Instantaneous creation and miraculous wand waving aside, how did Homo sapiens become so narcissistic as a species? It has been well established that hunters share many of the behaviors and rationalizations of serial killers. Although most people don’t live by hunting any more these days, a long, long history of proving oneself the baddest spear-throwing, fire-wielding, big game hunter on the planet doesn’t fade from the collective psyche overnight. No wonder the species has been so quick throughout history to take advantage of every other animal with such indifference to their needs or feelings. All others are just background—props on their stage.

Never before in the history of mammals have seven billion large, terrestrial, meat-eating members of one species single-handedly laid waste to so much of the Earth’s biodiversity. Human carnivorousness is killing the planet one species at a time, one ecosystem after another. Yet meat has never been so readily available worldwide. That’s because living conditions for farmed animals has taken a backseat on the bus of human hedonism. For all the recent advances made in regards to human rights, the treatment of non-humans has never been more deplorable and demonic.
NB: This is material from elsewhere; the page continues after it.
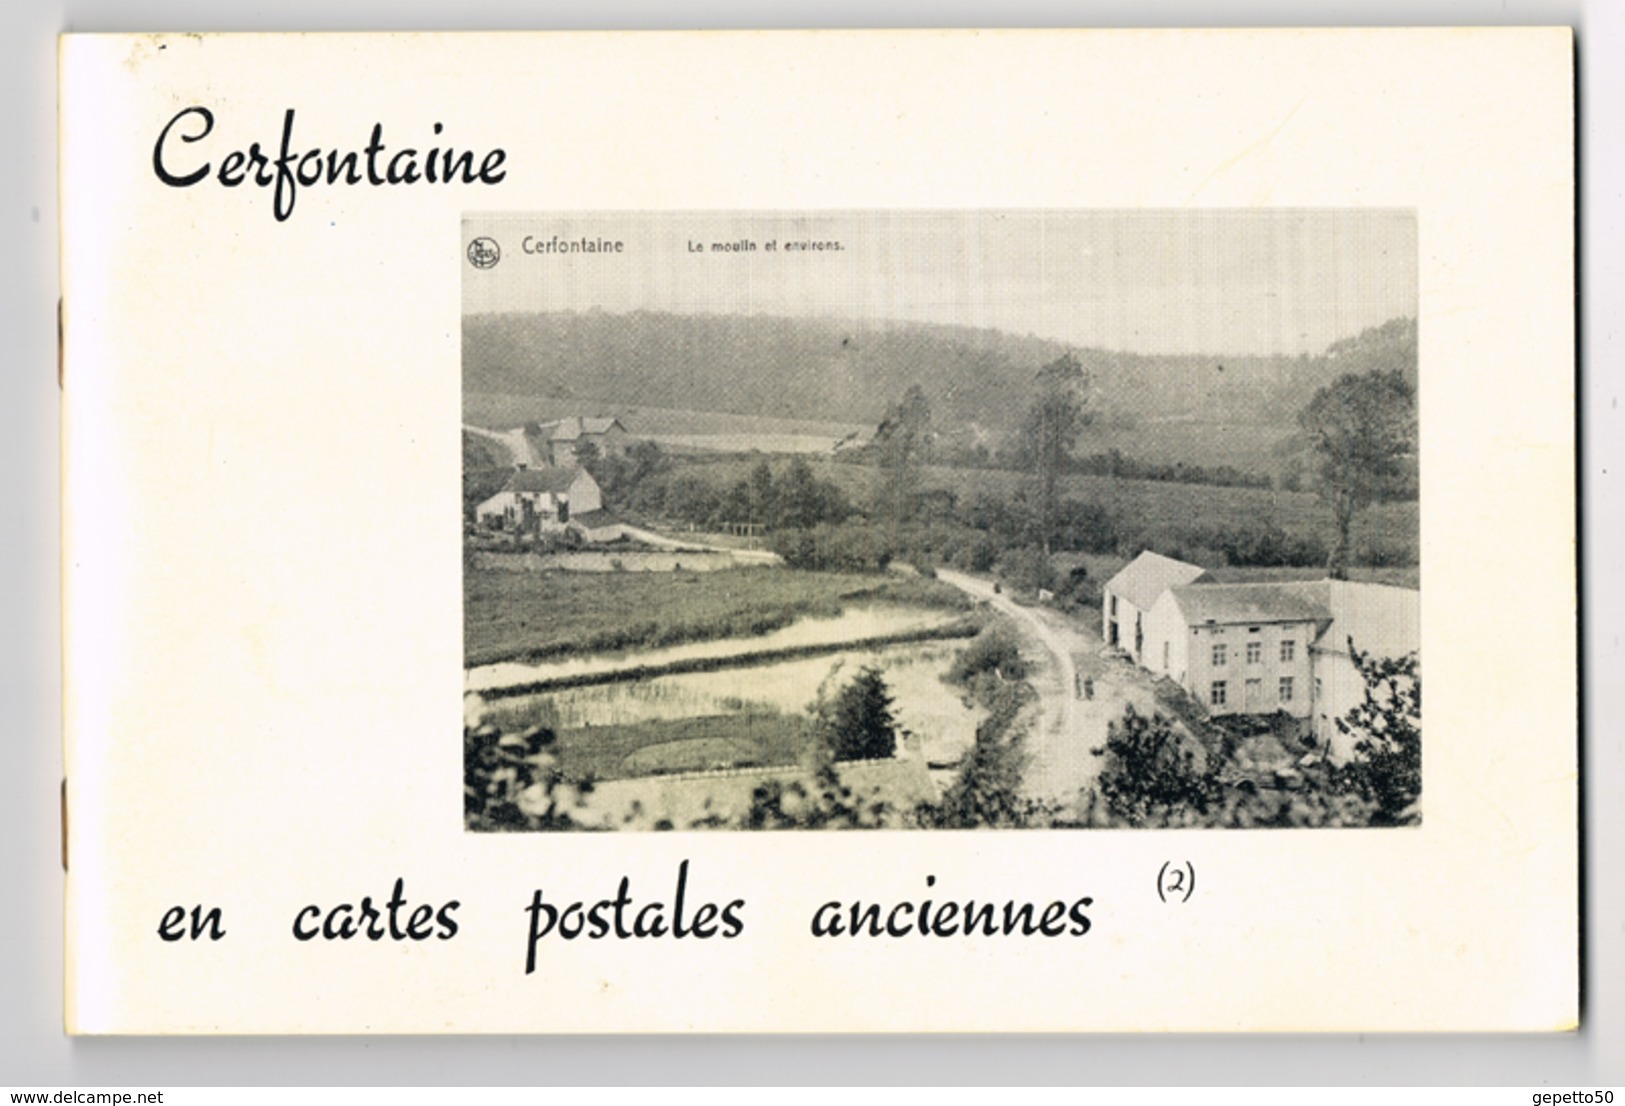 Cerfontaine Livre (n°2) De CP AnciennesEd Musée De Cerfontaine Repro De 70 Cartes - Livres & Catalogues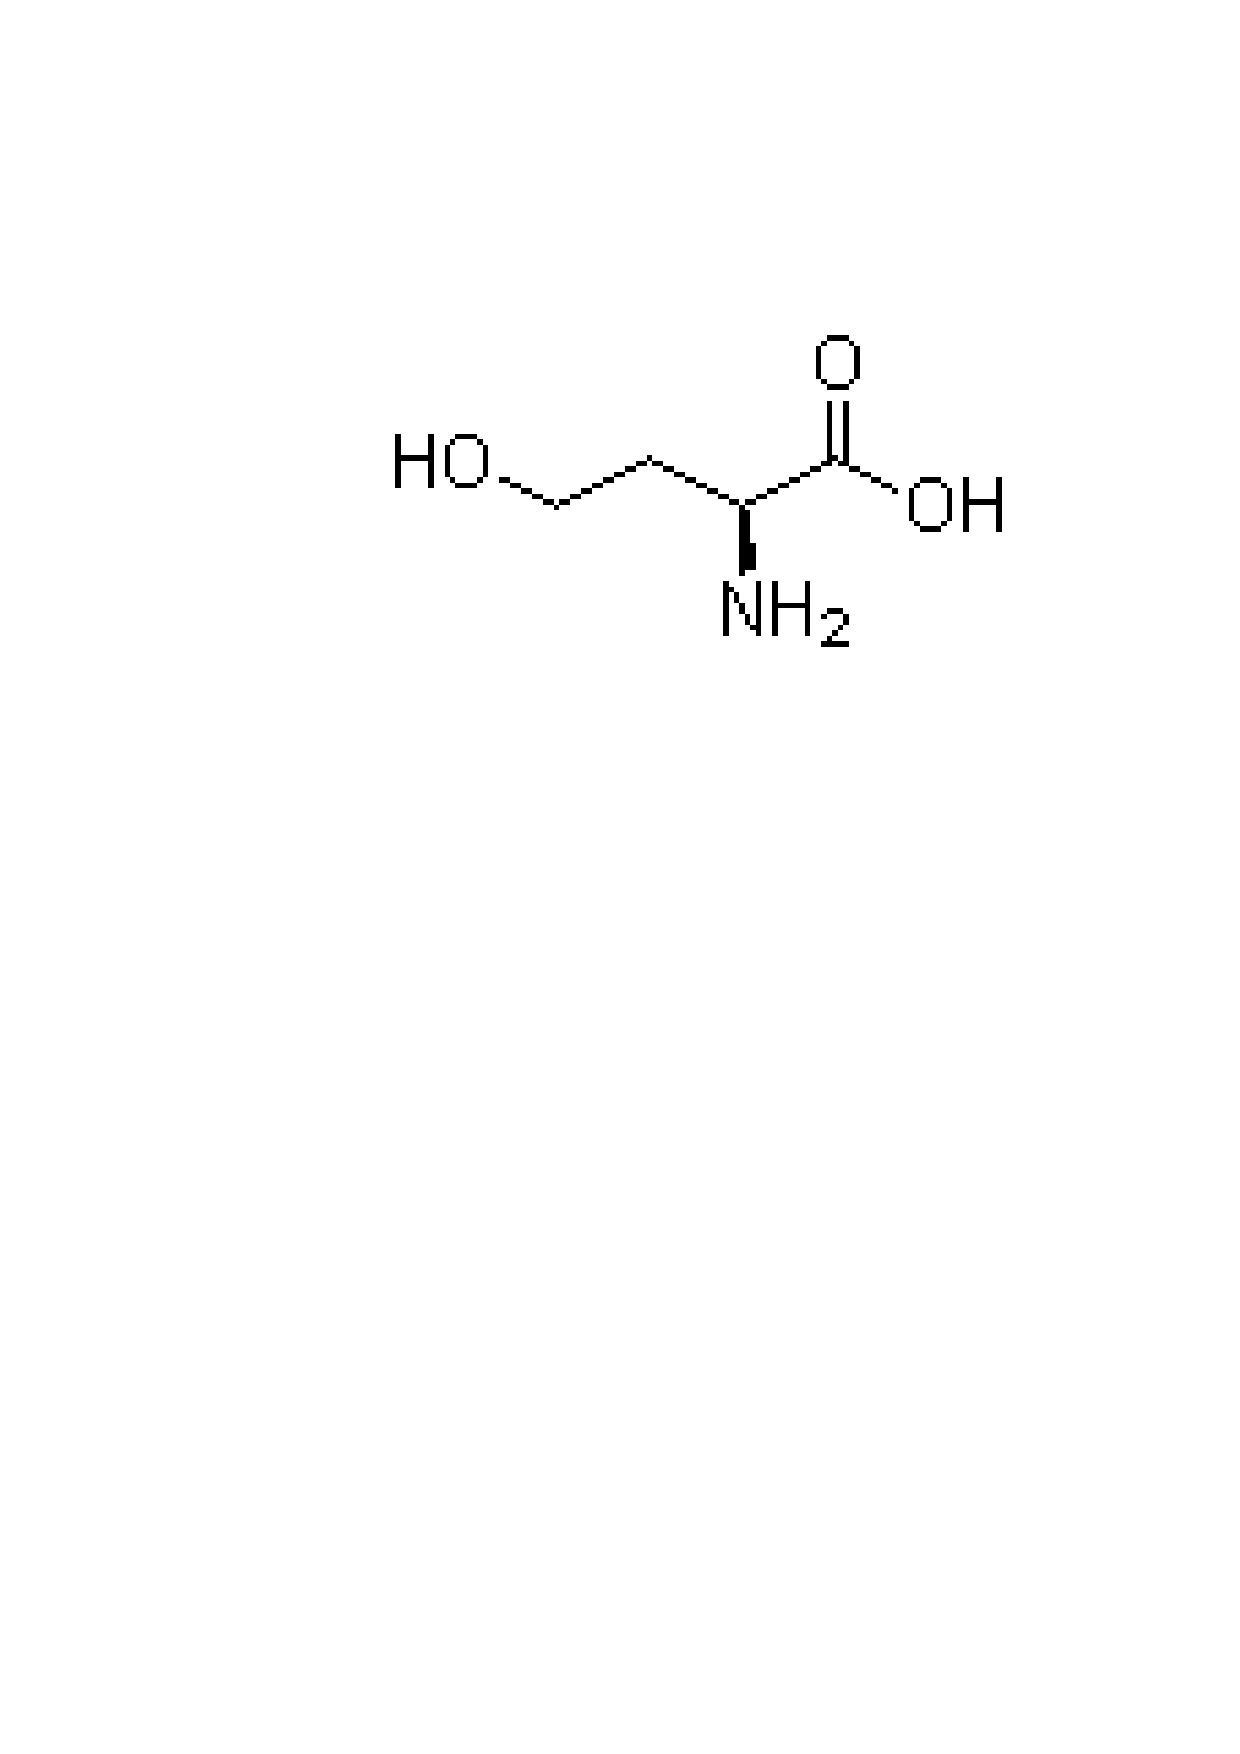 丝氨酸结构简式图片

Like the ordinary German civilian who chose to look the other way during the Holocaust, the everyday meat-eater chooses to remain willfully ignorant of today’s ongoing atrocities. But some who choose a vegetarian or vegan diet purely for their health can be about as narcissistic as a meat-eater.

Even the severely deformed and consequently down-trodden title character in David Lynch’s classic film, The Elephant Man, voiced his perceived human superiority when he told a gawking crowd, “I am not an animal! I’m a human being!” Of course he was an animal, and so are you, and so am I. I’m proud to be an animal. I’m sure if John Merrick, “the elephant man,” had had a chance to get to know many non-human animals, he would have realized that most animals are far more accepting and less judgmental than the average human.
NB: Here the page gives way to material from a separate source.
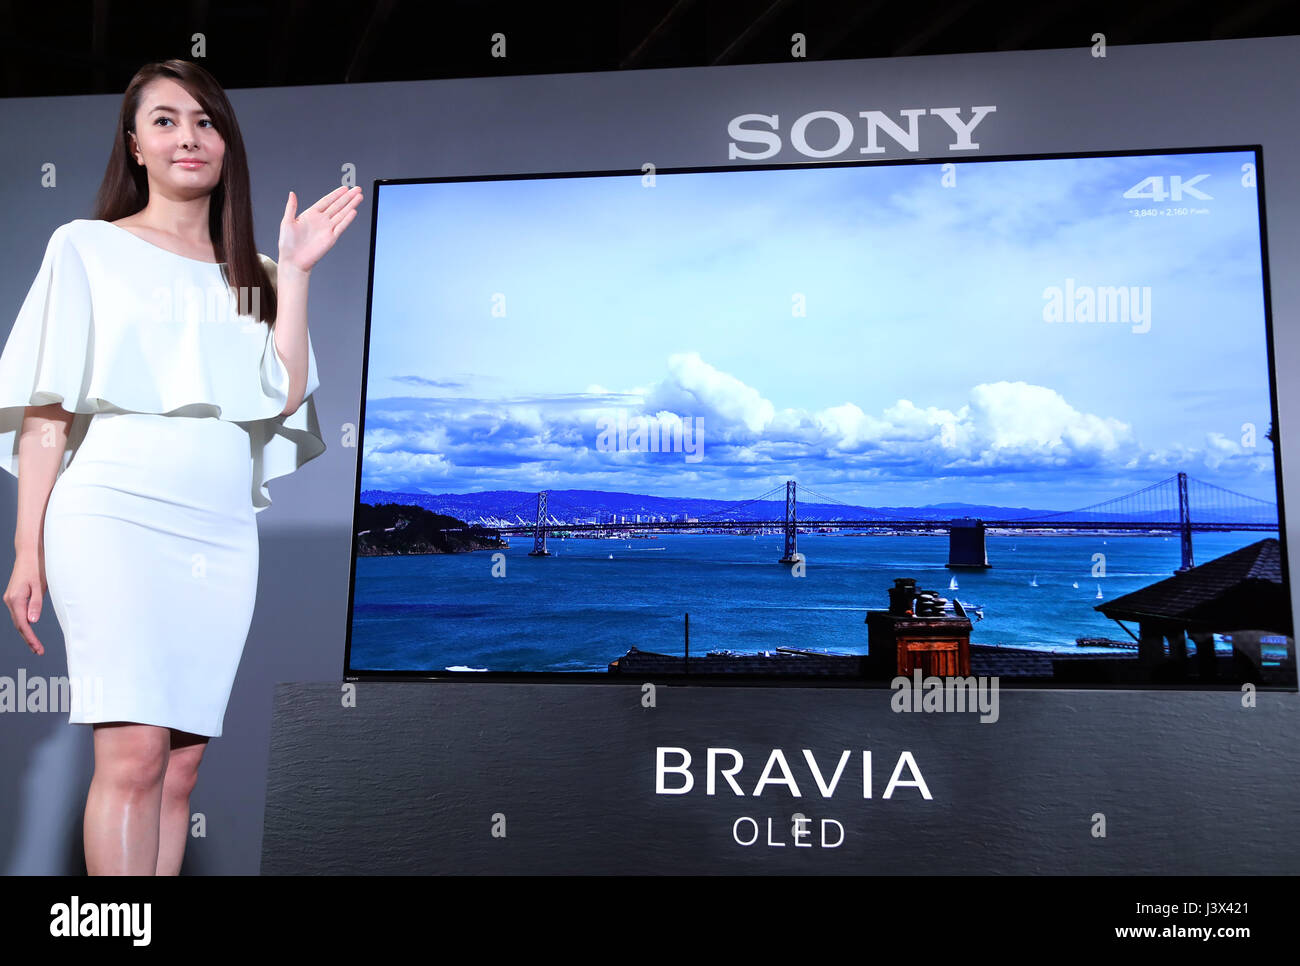 Tokyo, Japon. 8 mai, 2017. Affiche un modèle géant de l'électronique  japonais Sony a diodes électroluminescentes organiques (OLED) téléviseur  Bravia 'A1' à la salle d'exposition de Sony à Tokyo le Lundi, Mai

Edgar Kupfer-Koberwitz, a conscientious objector and Holocaust victim who was sent to a concentration camp for “being a strong autonomously thinking personality” wrote in his Dachau Diaries, “I have suffered so much myself that I can feel other creatures’ suffering by virtue of my own…I believe as long as man tortures and kills animals, he will torture and kill humans as well—and wars will be waged—for killing must be practiced and learned on a small scale.”
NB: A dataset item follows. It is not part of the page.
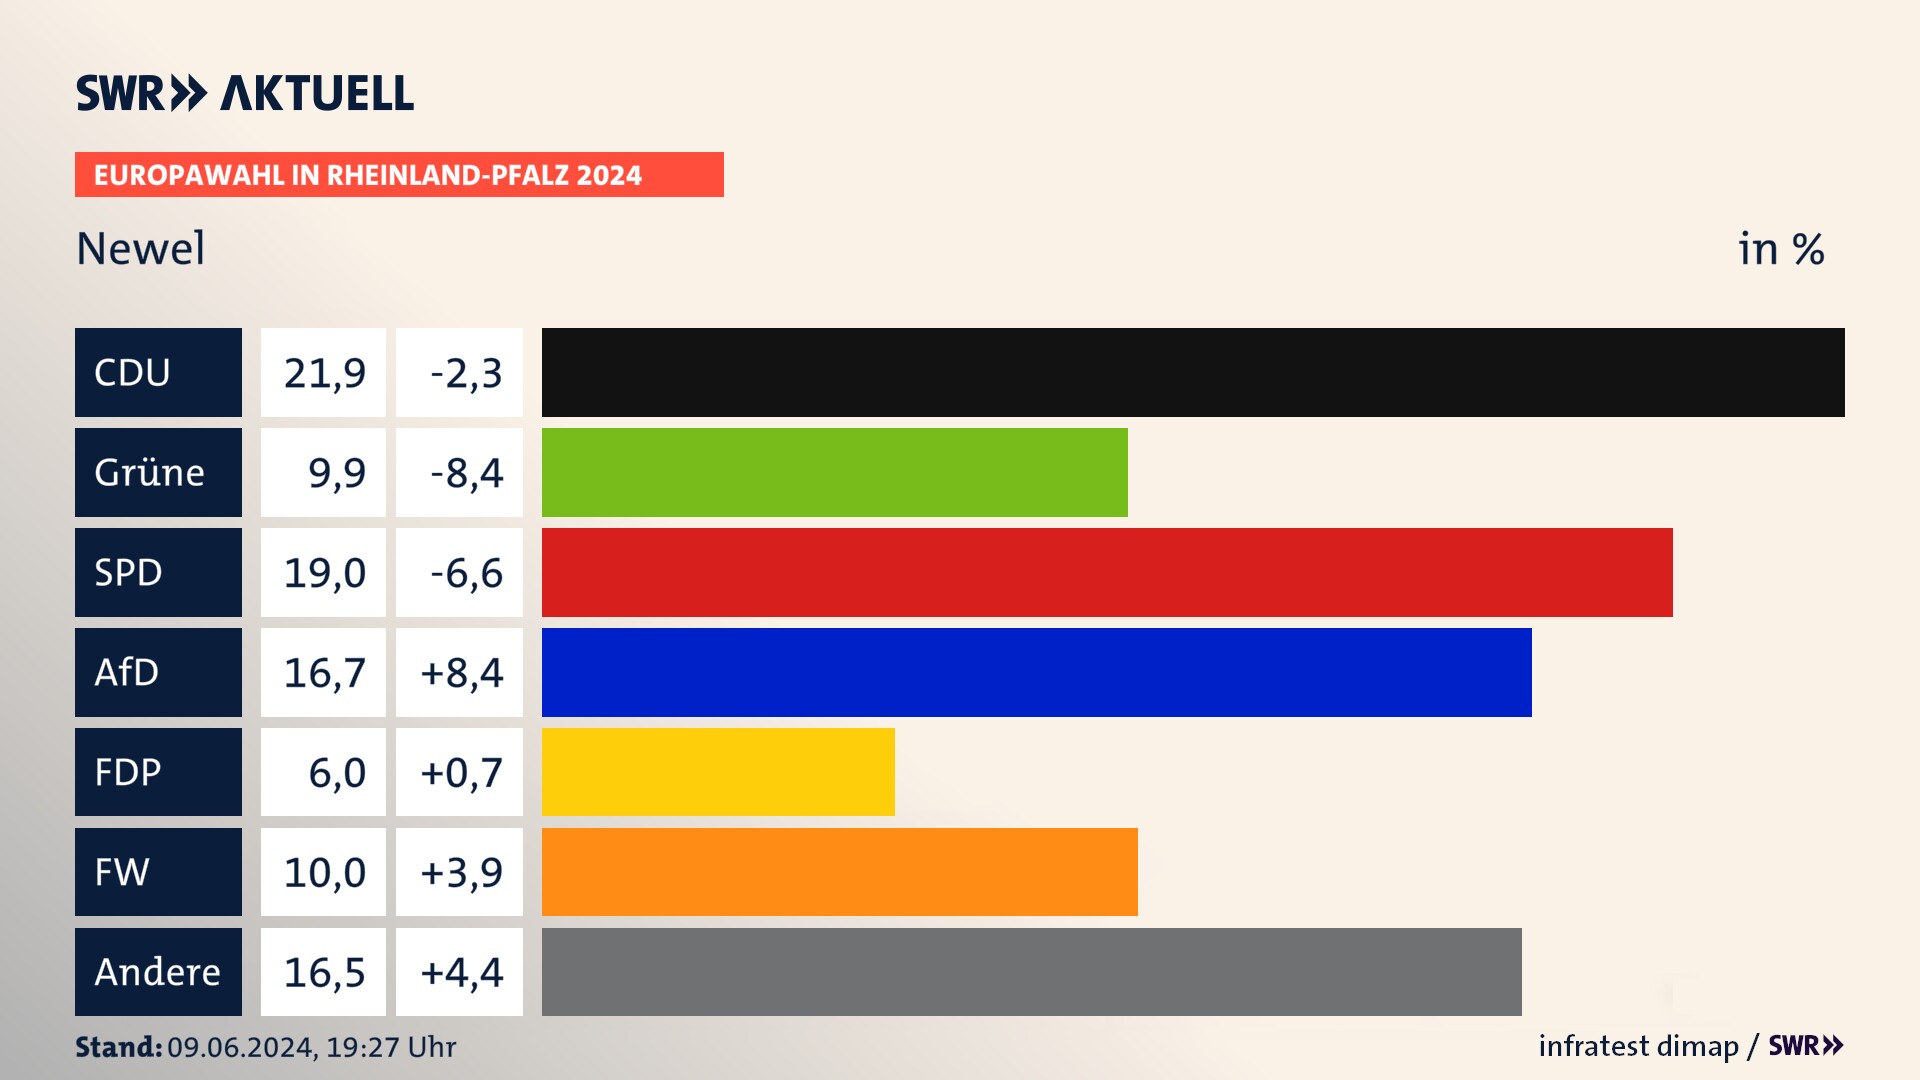 Europawahl 2024 Endergebnis Zweitstimme für Newel. In Newel erzielt die CDU 21,9 Prozent der gültigen  Stimmen. Die Grünen landen bei 9,9 Prozent. Die SPD erreicht 19,0 Prozent. Die AfD kommt auf 16,7 Prozent. Die FDP landet bei 6,0 Prozent. Die Freien Wähler erreichen 10,0 Prozent.

Human beings are unique only in the extent of cruelty and destruction they inflict. While each and every human being does not suffer from narcissistic personality disorder, the species Homo sapiens is a lot more like a narcissist than a Galileo or Copernicus.

Isaac Bashevis Singer was one of those who was able to shed his deep-rooted human narcissism, a fact made clear by his statement in Judaism and Vegetarianism, “I am a vegetarian for health reasons – the health of the chicken.”